We also created a Granite time series model, making predictions of energy demand in Spain. The Granite zero-shot prediction comes closer to the actual energy demand than the statistical benchmark. After fine-tuning with weather correlations, the model performs even better. Our time series models outperform several state-of-the-art models, with dramatic improvements in model size and average error reduction.
In collaboration with NASA, we created a geospatial foundation model called PIBE, which we fine-tuned for higher resolution climate projections. Our model captures regional and local extremes and impacts, scaling to global and regional areas. These geospatial models will soon be available on Hugging Face and IBM Granite.
So, step one is having the vessel with the right properties—performance, transparency, freedom of action, and indemnification. The next step is how to take enterprise data and add it to the vessel, creating a new representation of the data.
Currently, we use large language models and Foundation models to interact with data through methods like RAG (retrieval-augmented generation). This involves vectorizing documents and using them to ground model-generated answers.
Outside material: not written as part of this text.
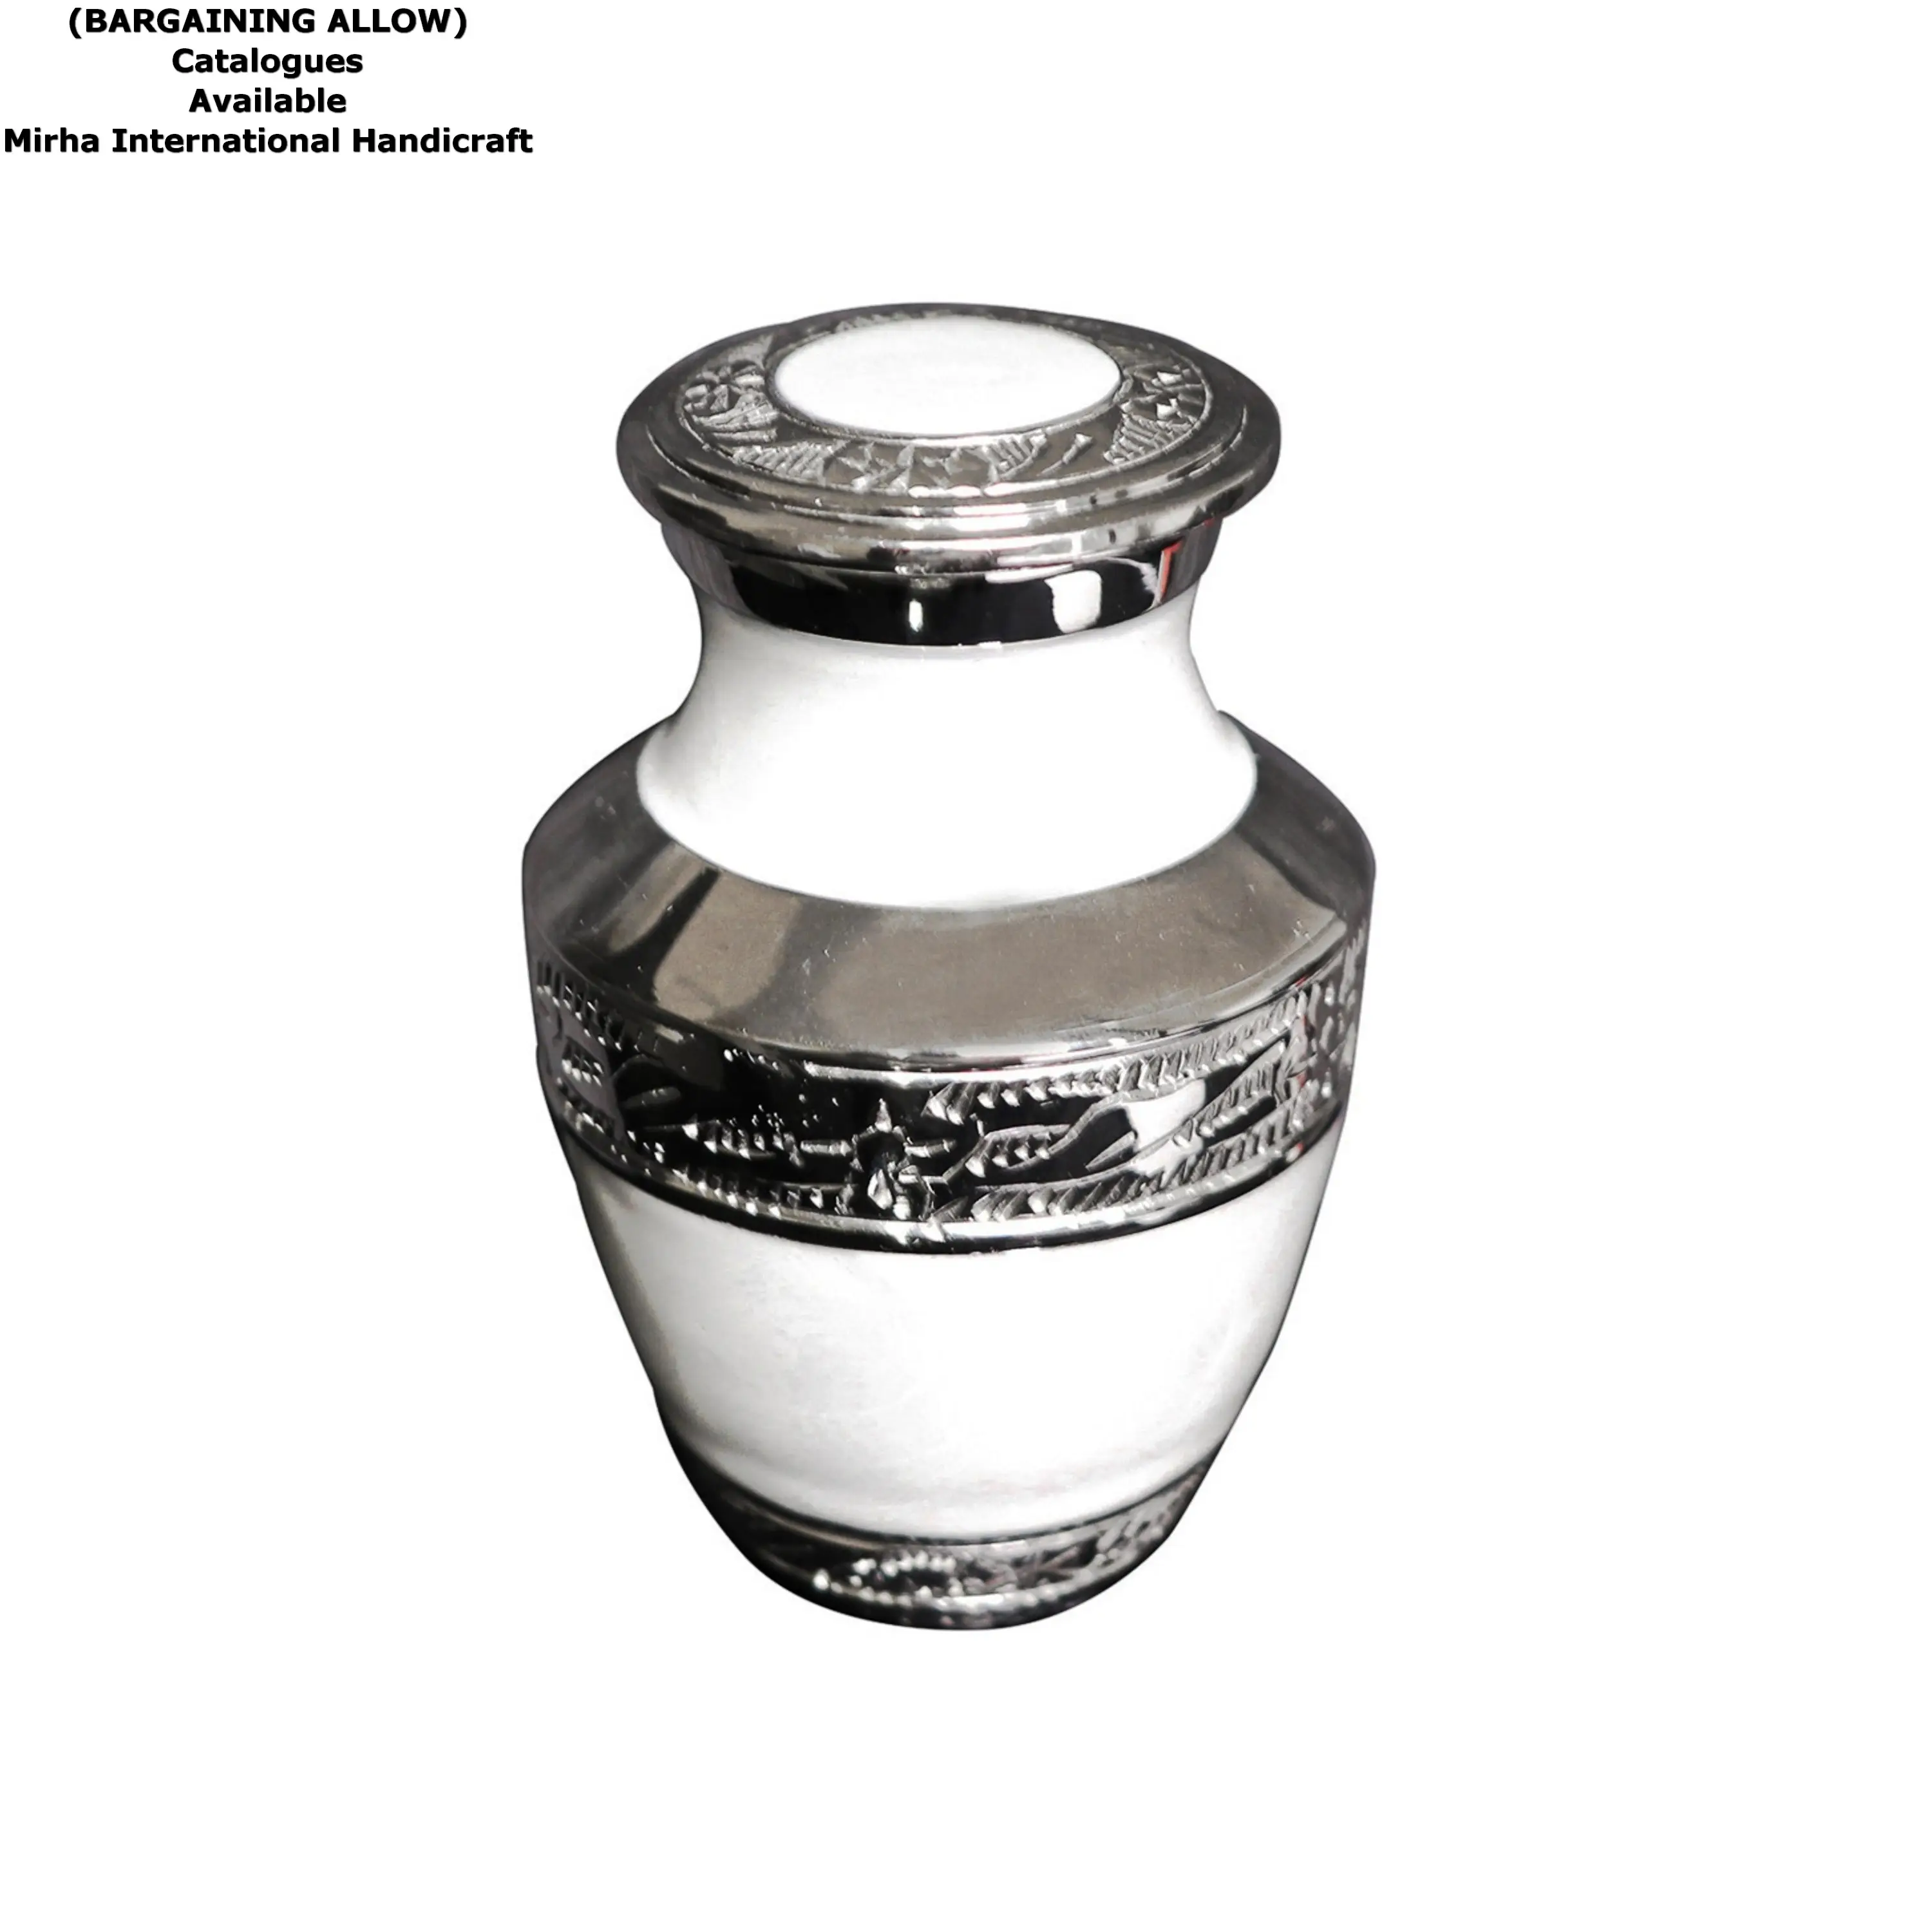 Pearl White Keepsake Cremation Urn for Ashes High Quality Human Ashes Urns for Women and Man

However, this doesn’t improve the model itself or add long-term value. Another method is fine-tuning, where we alter model weights with specific data, creating specialized models for particular use cases. This approach leads to multiple models and loses generality.
Our research team has invented a new methodology called InstructLab, enabling Foundation models to learn incrementally, like humans. This allows models to improve capabilities progressively and steadily, through incremental skill teaching.
InstructLab begins with a taxonomy representing foundational skills. For example, if you want your model to write emails, you create a taxonomy tree with nodes representing compositional skills and examples of writing in prose. This taxonomy provides the base capability for the model.
When adding new skills or knowledge, you start from the taxonomy and create new nodes with examples. These are reviewed, approved, and sent to InstructLab, which uses a teacher model to generate a large dataset of synthetic examples. This incremental skill and knowledge addition improves the model without losing generality.
As an example, we applied this methodology to our 20 billion parameter code model, which lacked knowledge of COBOL. Using InstructLab, we added foundational knowledge from COBOL books and programming manuals, along with examples of COBOL to Java conversion. This process generated 200,000 synthetic examples, significantly improving the model’s performance in one week compared to months of traditional fine-tuning.
InstructLab enhances value creation, making RAG and fine-tuning more effective. This methodology allows you to incrementally encode more enterprise data, creating a powerful path for continued evolution.
We productized this capability through a core platform, starting with Red Hat Enterprise Linux AI, providing a bootable model runtime and InstructLab for single developers. As you scale, Red Hat OpenShift AI optimizes inference and deployment, while watsonx facilitates application integration, governance, and flexibility.
In conclusion, we live in an incredibly exciting time for computing, with rapid advancements in AI, semiconductors, and quantum technologies. The future of AI is undoubtedly open, driven by collaborative innovation. By embracing openness and collective progress, businesses can harness the full potential of their data, driving innovation and creating AI solutions that meet societal needs. This open innovation strategy is not only the right approach for business success but also essential for supporting the diverse needs of our global society.